**Exercise:**
When you reach a picture, skip it, and retype every line below exactly.

**Data extract:**
........

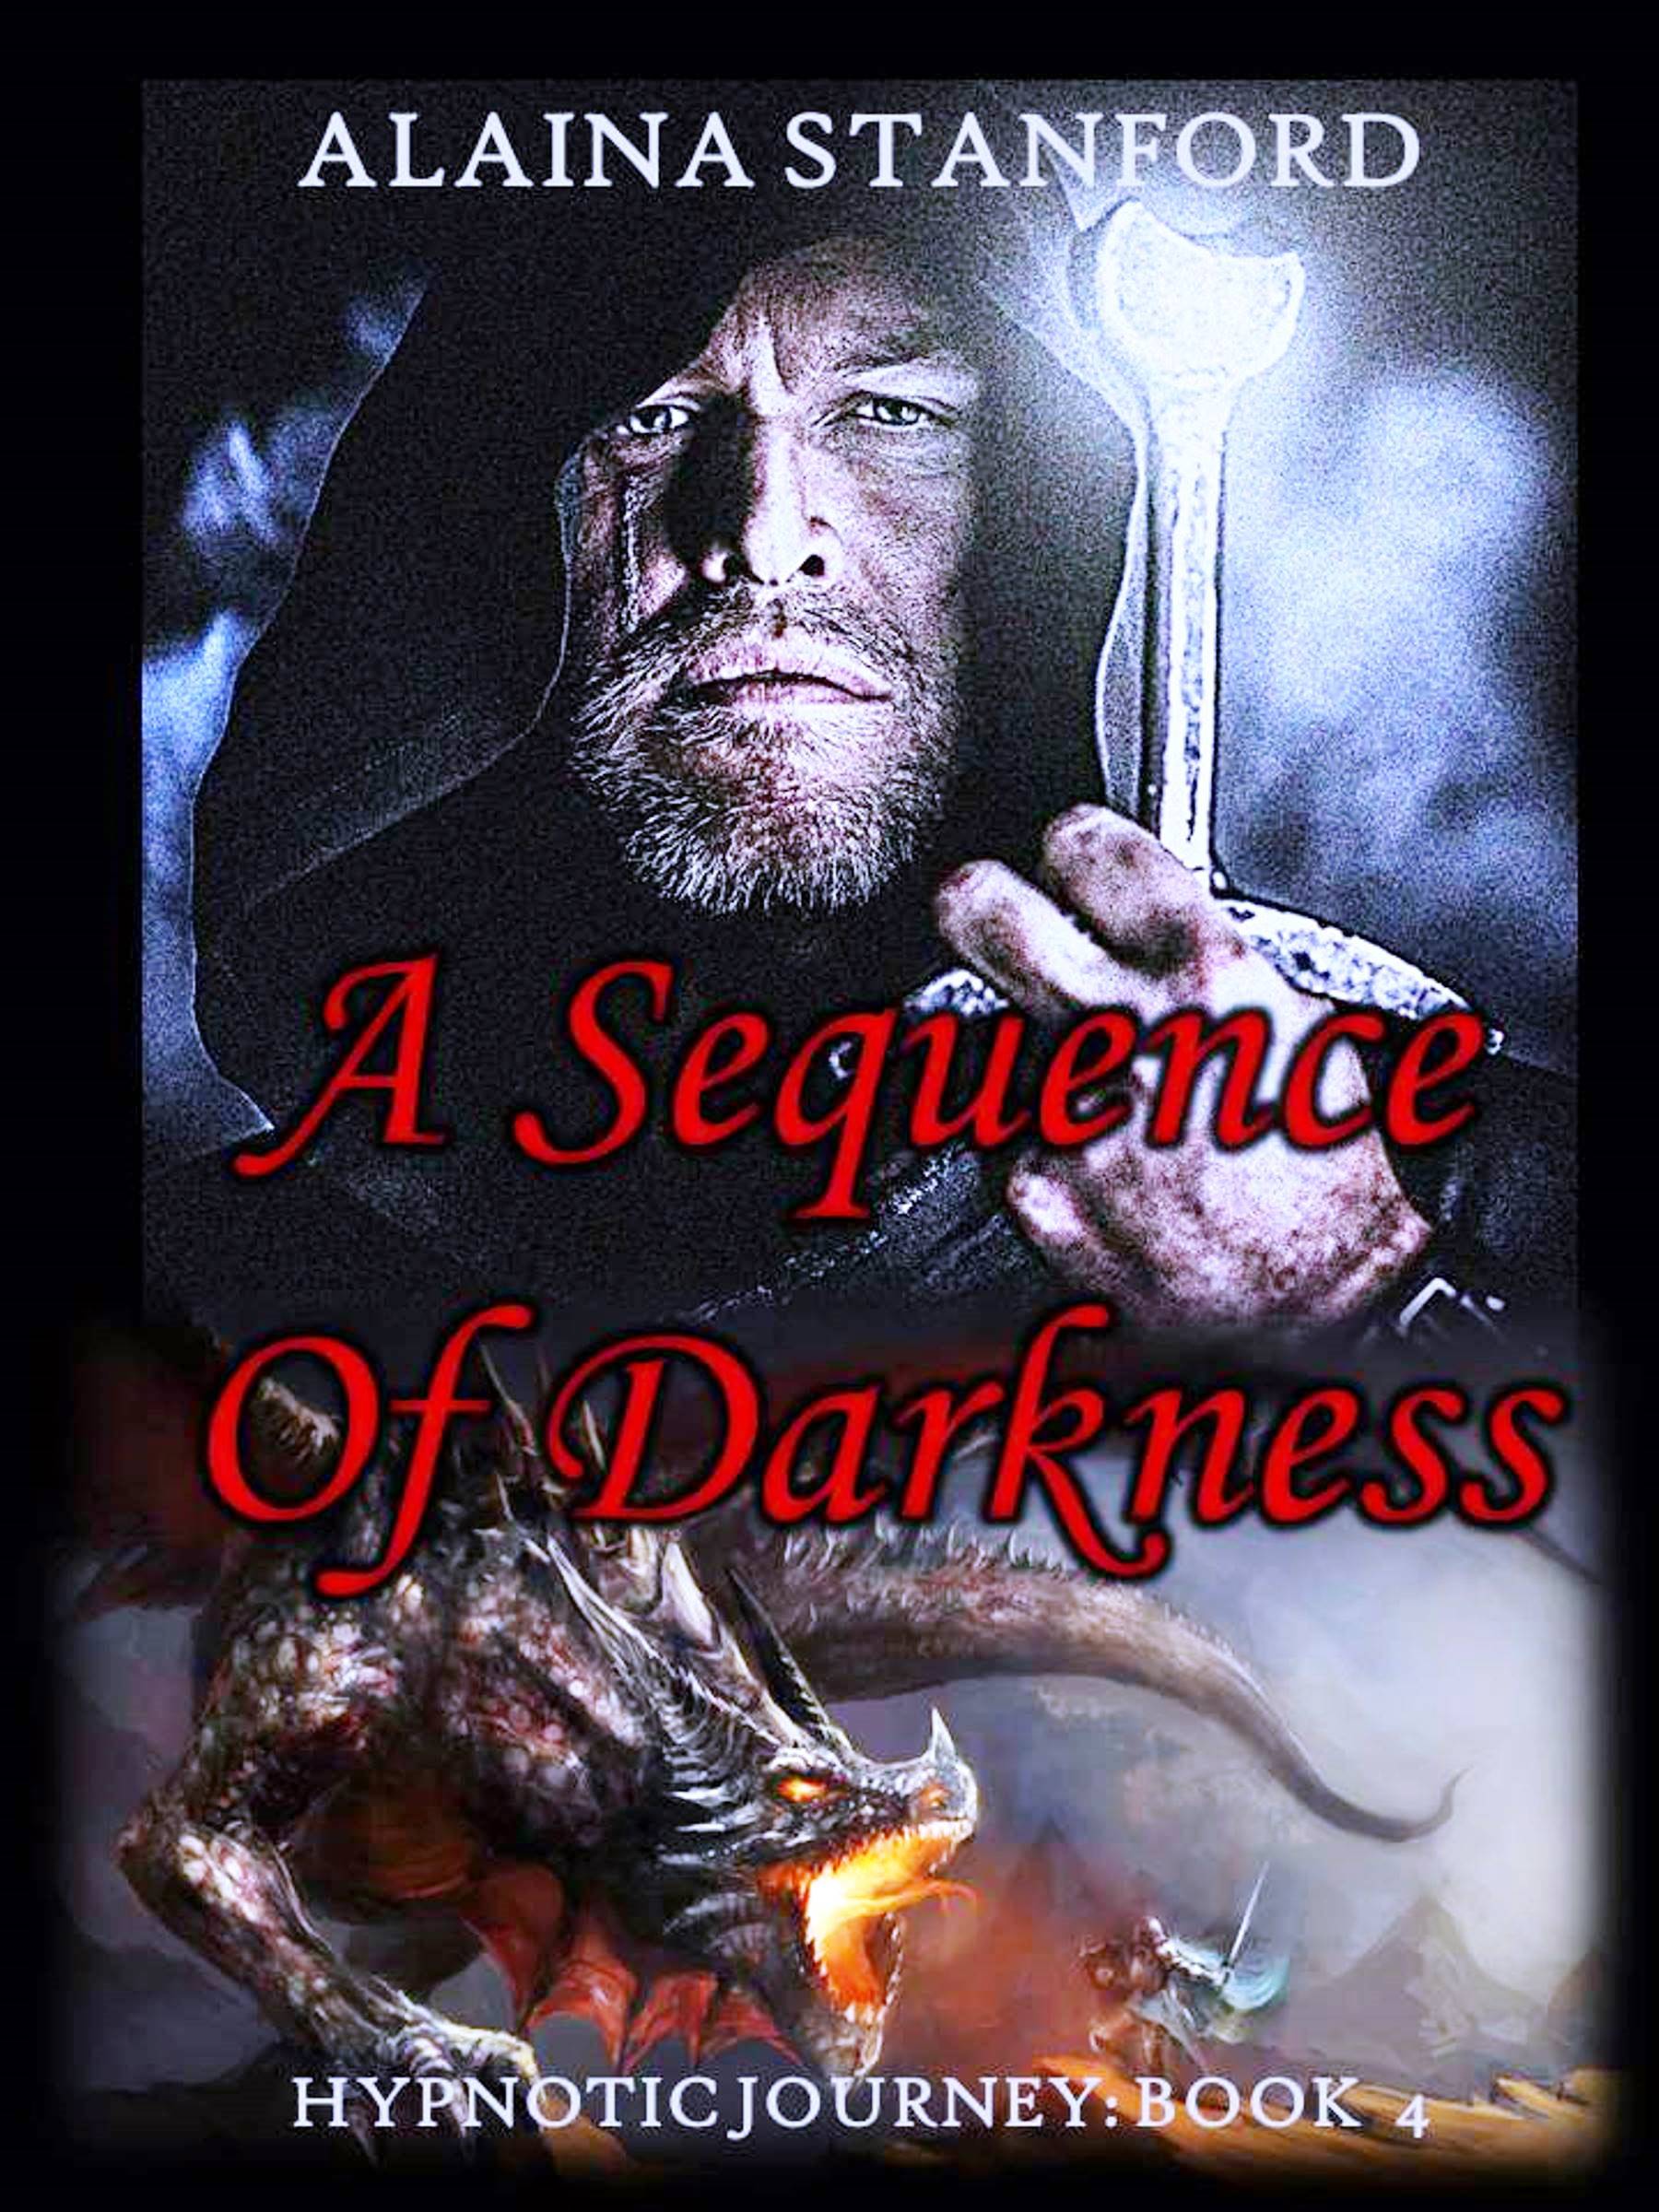 A Sequence of Darkness new cover 2018 A.jpg
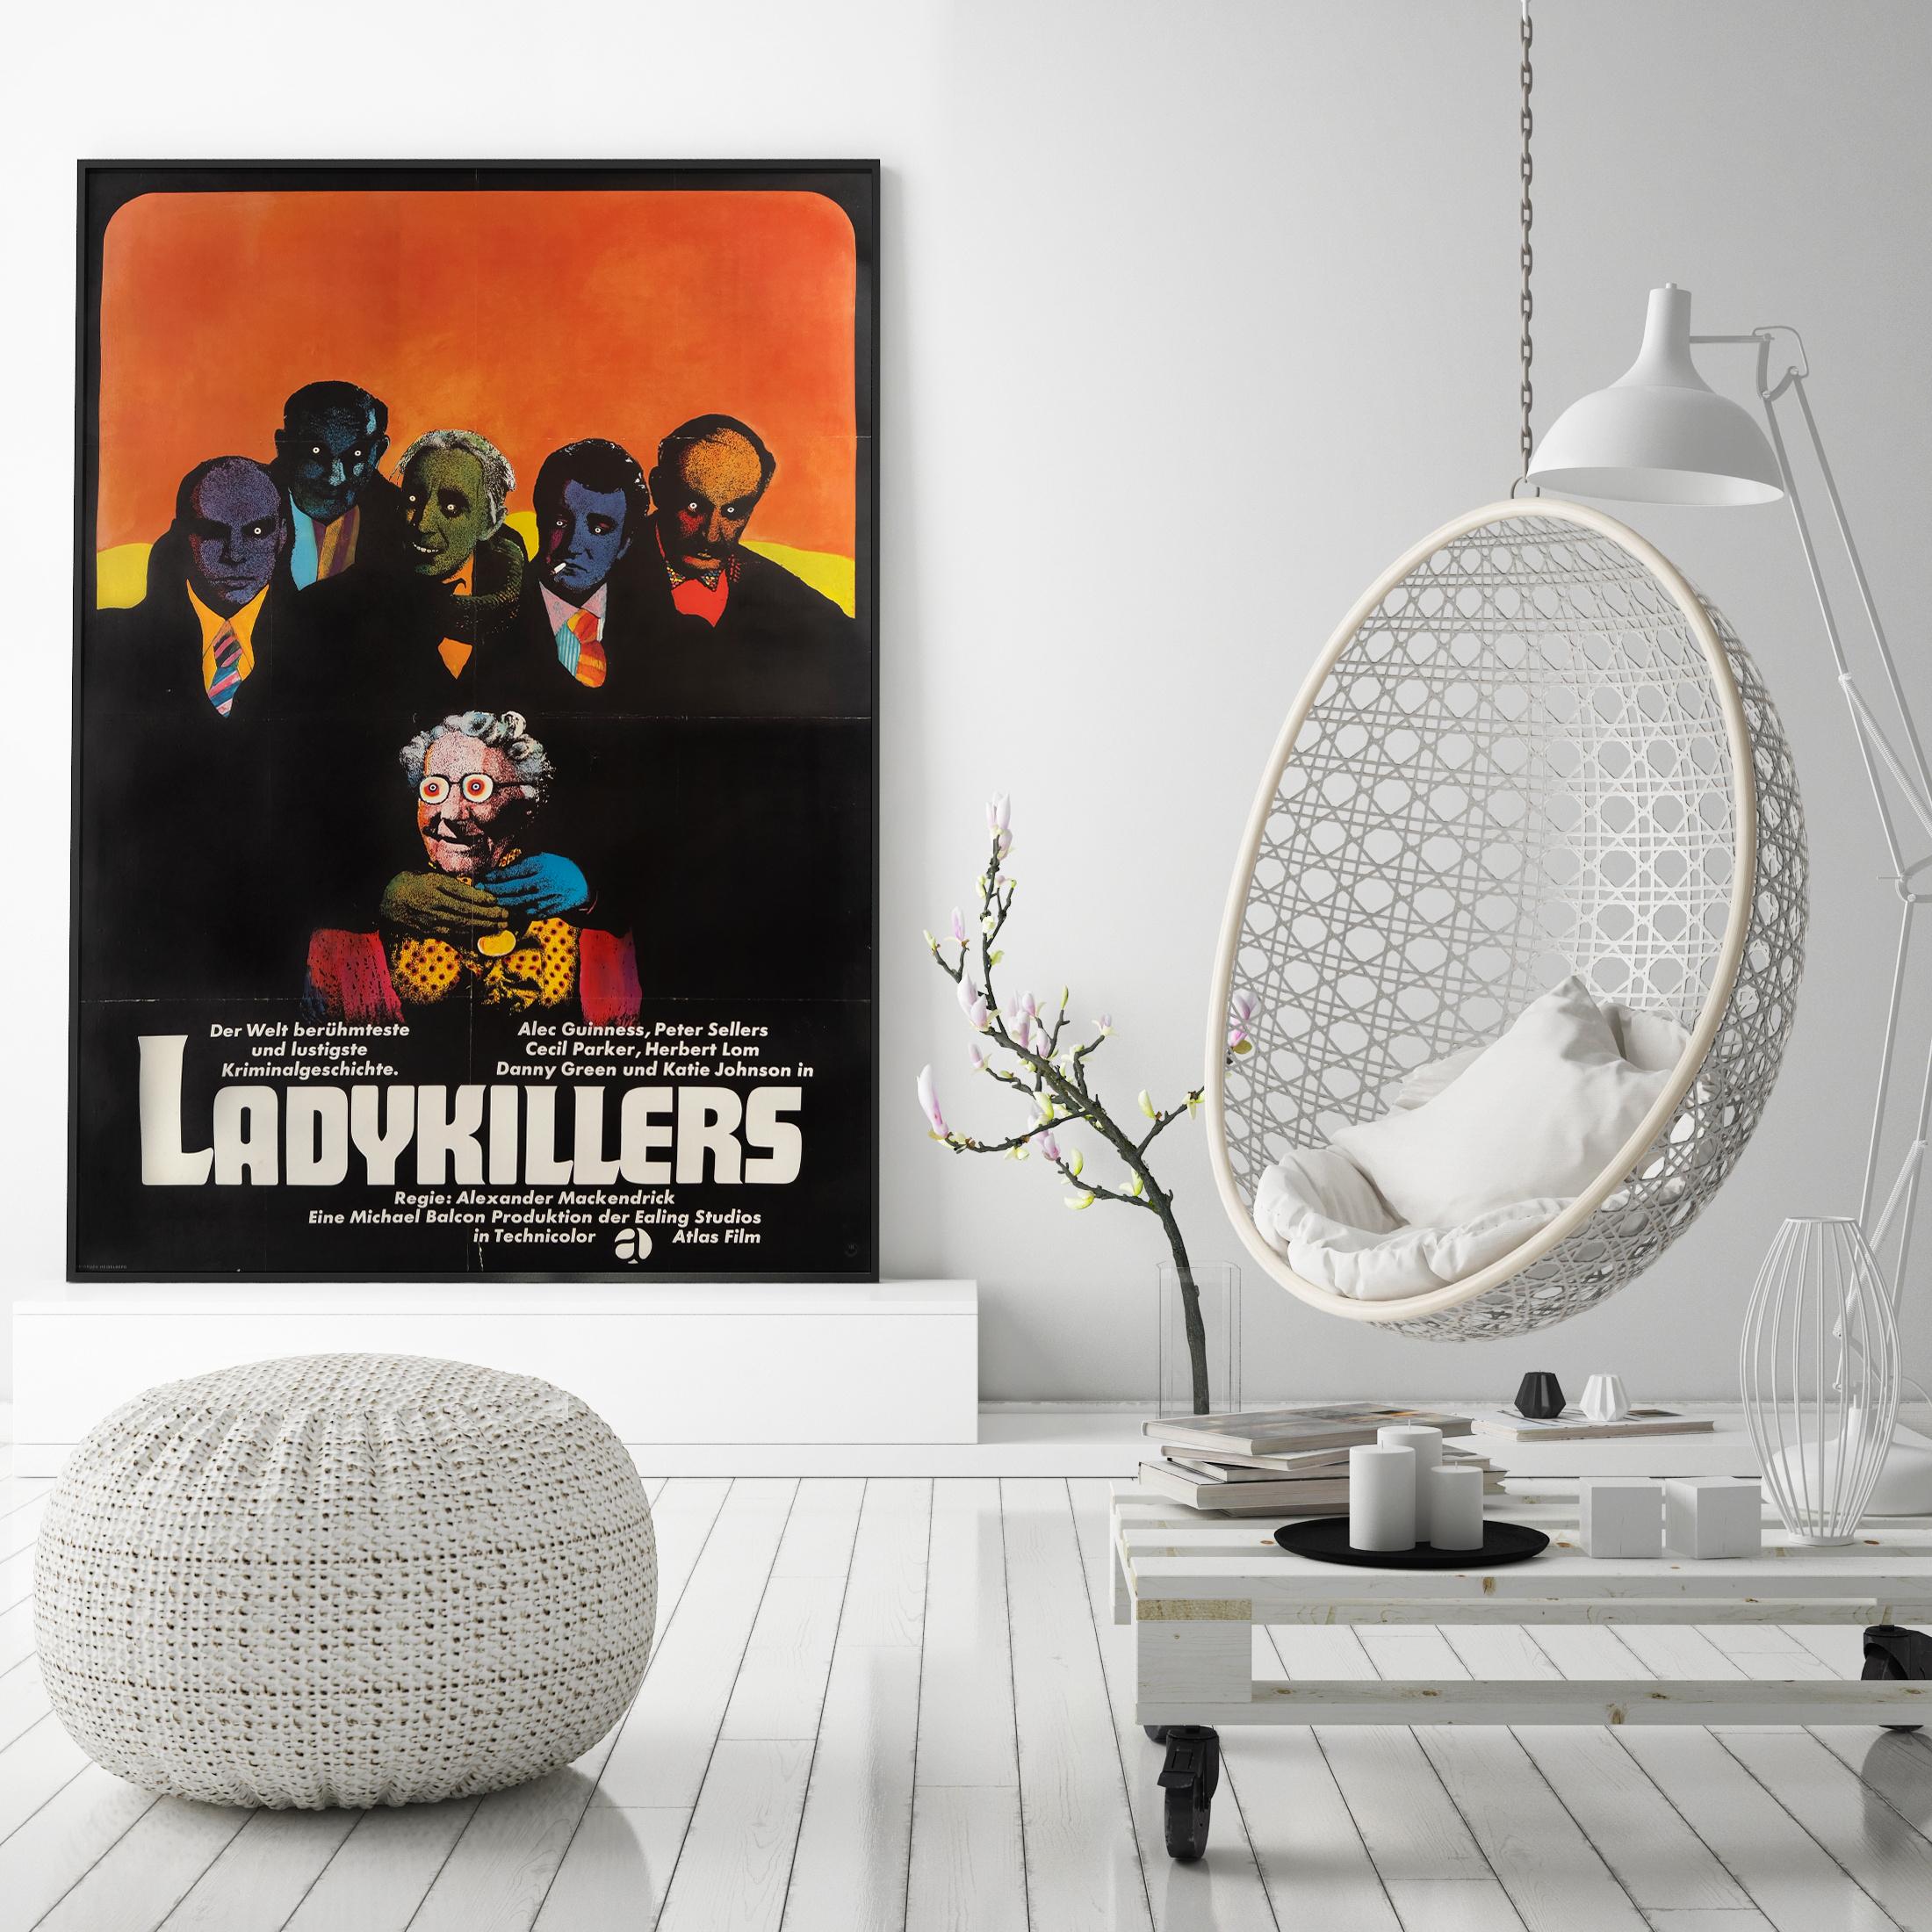 We love Heinz Edelmann's darkly humorous and wonderfully psychedelic design that features on the 60s re-release for Ealing classic The Ladykillers. Edelmann's unmistakable style works perfectly on this design. 

Heinz Edelmann (20 June 1934 – 21

........

**Reply:**
 A Sequence of Darkness new cover 2018 A.jpg
 We love Heinz Edelmann's darkly humorous and wonderfully psychedelic design that features on the 60s re-release for Ealing classic The Ladykillers. Edelmann's unmistakable style works perfectly on this design. 

Heinz Edelmann (20 June 1934 – 21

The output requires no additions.